By Michelle
This recipe is really a bit of a template – use whatever vegetables you have in the fridge. Harder vegetables will go in with the first batch of veg for a little longer cooking time and the more delicate vegetables amongst us will go in with the peas and egg at the end.
This is a great recipe for leftover rice and to get rid of any sad sack looking veg in the fridge the day before the grocery shop day.
Again, this is a very adaptable dish so use what you have: grate it,chop it and chuck it all in.
Could work well in school lunch boxes.
Ingredients
Approximately 5 cups cooked rice
6 tbpsns sesame oil
1 small head broccoli, all chopped up
1 large red onion, finely chopped
2 cloves garlic, finely chopped
1 zucchini, finely chopped
2 cups peas
4 eggs, lightly beaten
2 tbspns soy sauce
1 long red chilli (optional), finely chopped
Method
Heat a frying pan with some of the sesame oil (coat the bottom of the pan), when hot, pour in the egg mixture and let it cook. When it looks like an omelette take off the heat and slice up into ribbons or just chop it all up – up to you.
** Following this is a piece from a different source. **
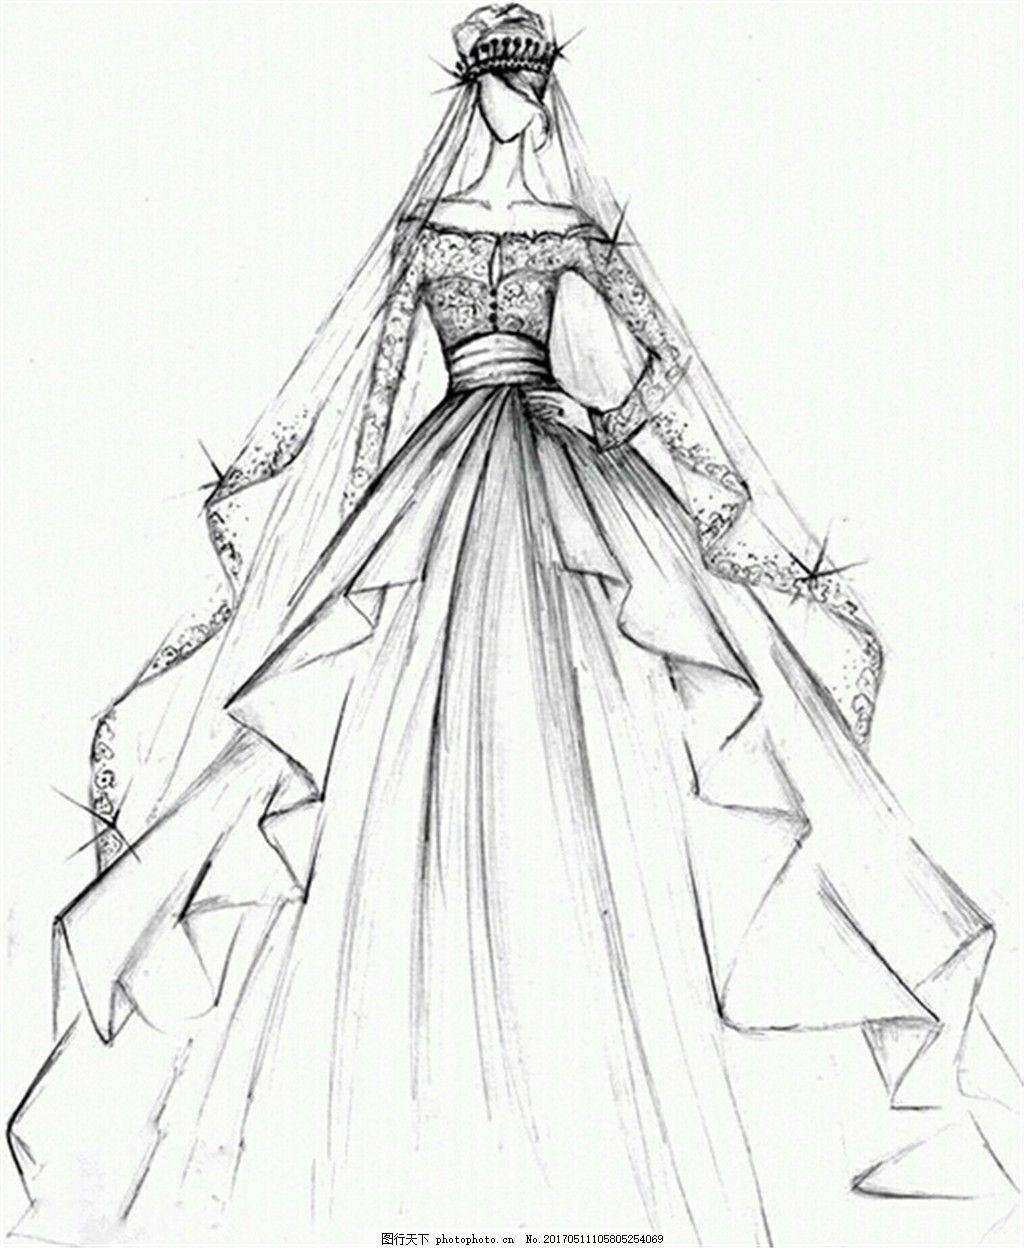 时尚婚纱设计图 时尚女装 职业女装 女装设计效果图 短裙 服装图片

Give the pan a wipe out and add back to heat with some sesame oil (not all of it) and add the vegetables (not the peas), onion and garlic. Toss them about a bit, increase the heat a little and add the rice, more sesame oil and soy sauce. Cook through for a couple of minutes, keeping the rice mixture on the move and add the egg and the peas. Cook through for one minute longer or until you think the peas are cooked through – again keeping it all on the move – then remove from the heat and serve. You can drizzle some more sesame oil over the top if you love it. This is unreal with some chilli sauce and served as is.
You might like to add some shredded leftover roast chicken or bacon or some other protein to bulk it up a little.